To Decommission a Cannon

Some jobs are so interesting, yet so terrible at the same time.

 

Earlier this year we were contacted by a client who wanted us to help him with his Cannon.  It’s not every day you get to work on a cannon!  This one was a family heirloom and the client wanted to hang onto it.  Unfortunately, Border Force were having none of this, and classified it as “an item of warfare”.

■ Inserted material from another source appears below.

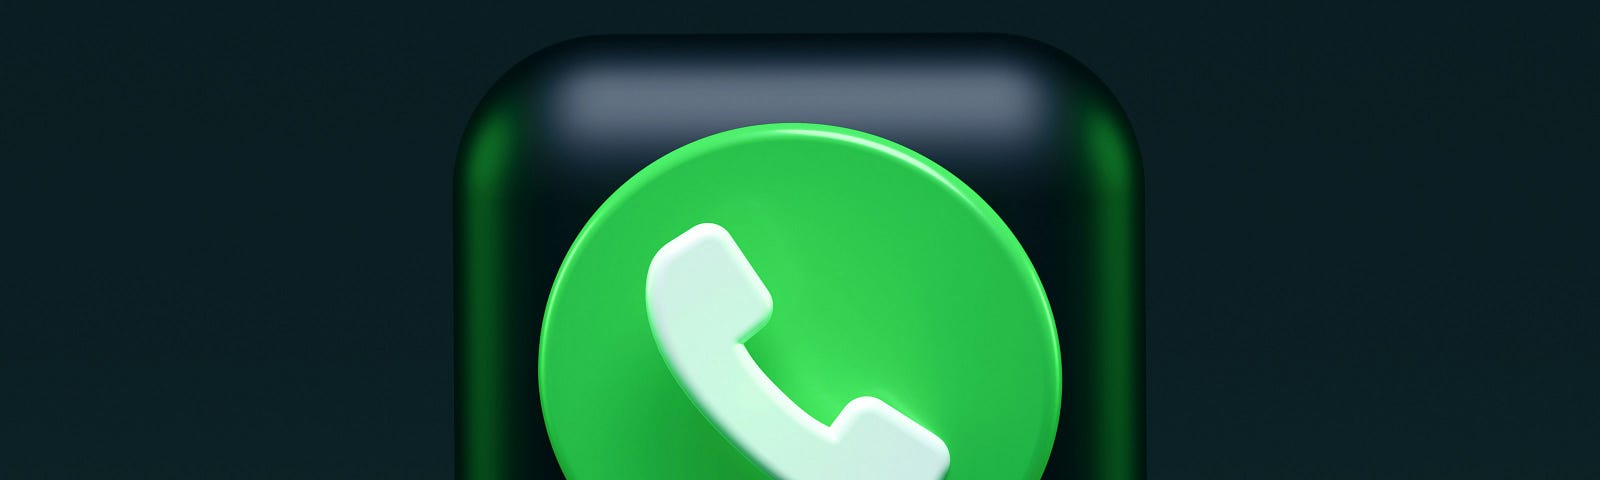 There’s a 3D Whatsapp icon against a 3D black brick with black background.

Two hundred and fifty years ago they may have been right.  The biggest risk to public safety this cannon posed was if you dropped it on your foot – it was extremely heavy.  The reason we employ people to positions (and not simply use a machine to follow a program) is so they can use discretion to decide if certain measures are necessary.  This is a prime example of a person thinking like a machine and without any consideration for the historical value of this Napoleonic vintage cannon.  But that’s a rant for another time.  In the end there was no negotiation with Border Force – the gun had to be rendered innocuous.

 

The Cannon was manufactured by the Dutch in 1764 to the best of our knowledge.  The Napoleonic wars that followed resulted in much of southern Holland being incorporated into the French Republic in the late 18th century, with the remainder being absorbed in the early 19th century.  As a result, the Metric system replaced the measurement system that was used in Holland prior to the wars.  The cannon that we were asked to render measured 44.4mm – Inch and three quarter.  This was an imperial dimension Dutch cannon, meaning this cannon was definitely manufactured prior to the Napoleonic war.

To render the firearm, while maintaining its originality, we drilled two one-inch holes in the bottom – one in the chamber and one half way down the barrel.  This is so the gun can never hold a charge and so it will never be able to propel a projectile. This cannon was manufactured from brass – this means fixing anything inside would take a monumental amount of heat.  We were able to manufacture a brass plug and fix it into place, through the hole underneath, without ruining the finish on the cannon.  Bill is certainly a master when it comes to heating things.

The finished product is entirely inert, and we were able to maintain the originality of the gun where possible.  We’re hoping that this gun stays in the family for a few more generations.

 

I wonder if the Dutch government or our own historical academics are as enthused with Border Force having this gun rendered as the client was?